Scaling analysis of field-induced superconductor-insulator transition in two-dimensional tantalum thin films

TL;DR

This study investigates the superconductor-insulator transition in two-dimensional tantalum thin films, revealing a metallic phase and analyzing critical exponents to understand the transition's universality class.

Contribution

The paper provides a detailed scaling analysis of the SI transition in Ta thin films, highlighting differences in critical exponents between superconducting and metallic phases.

Findings

Metallic phase intervenes between superconductor and insulator.

Critical exponent z is approximately 1 for superconducting samples.

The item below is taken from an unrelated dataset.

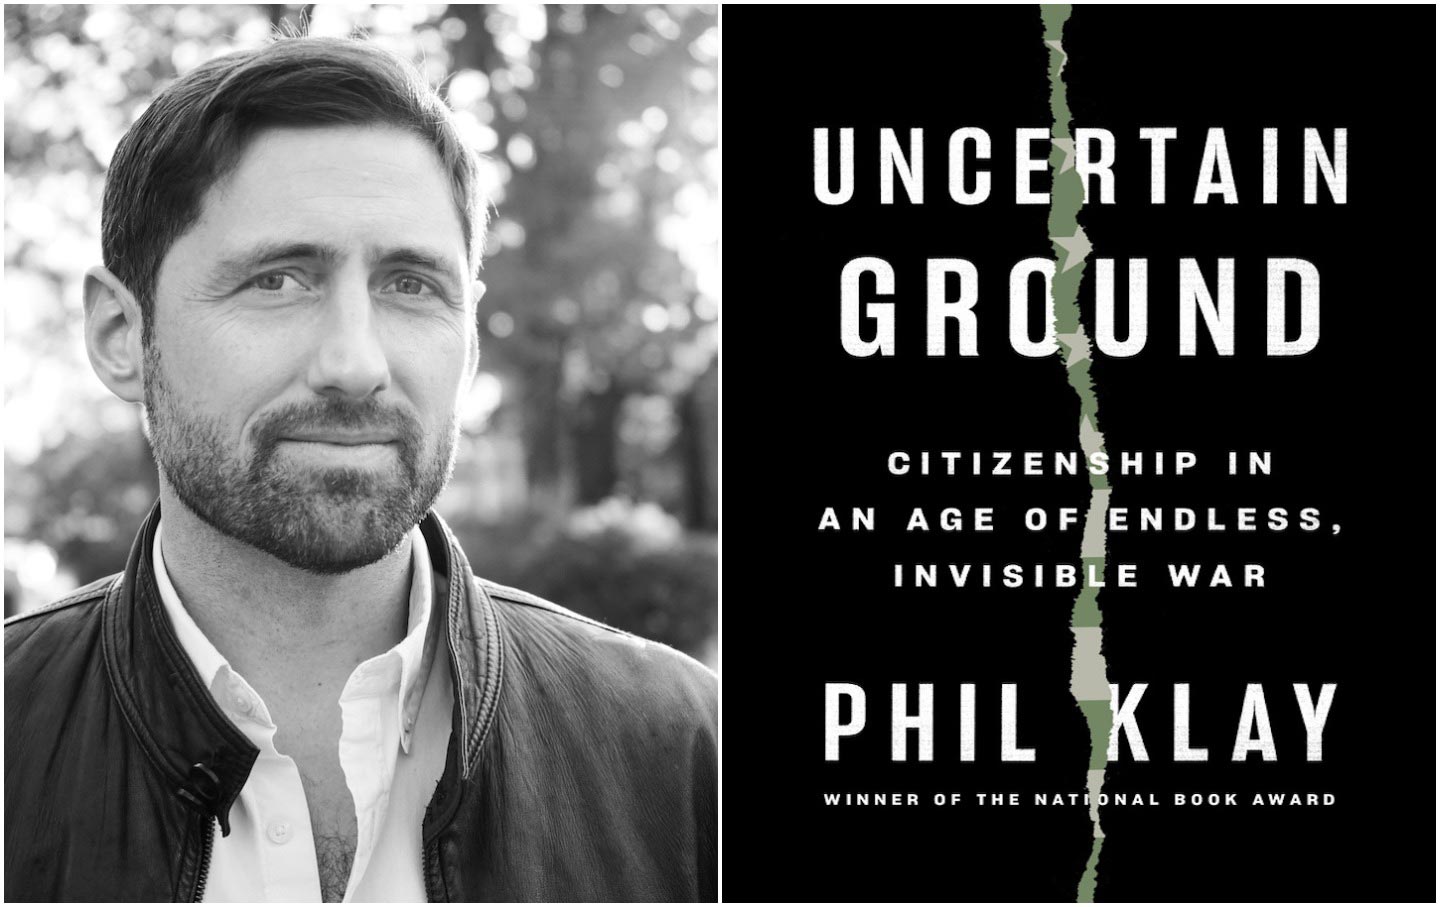 Phil Klay, Uncertain Ground

Disorder-induced metallic phase has a different universality class.

Abstract

The superconductor-insulator (SI) transition in two-dimensional Ta thin films is investigated by controlling both film thickness and magnetic field. An intriguing metallic phase intervening superconductor and an insulator phase is observed within a narrow range of film thickness and magnetic field. Finite scaling analysis has been performed to investigate the nature of the SI transition in the thickness-tuned metallic and superconducting samples. The critical exponents in the disorder-induced metallic samples are clearly different from the exponents obtained in the superconducting samples. Dynamical exponent z of the superconducting samples is consistent with the theoretical predictions (z = 1), while the exponent for the metallic samples is approximately 0.7. The discrepancy in the transition behaviors supports that the disorder induced metallic phase cannot be classified to the same universality class of the superconducting Ta thin films.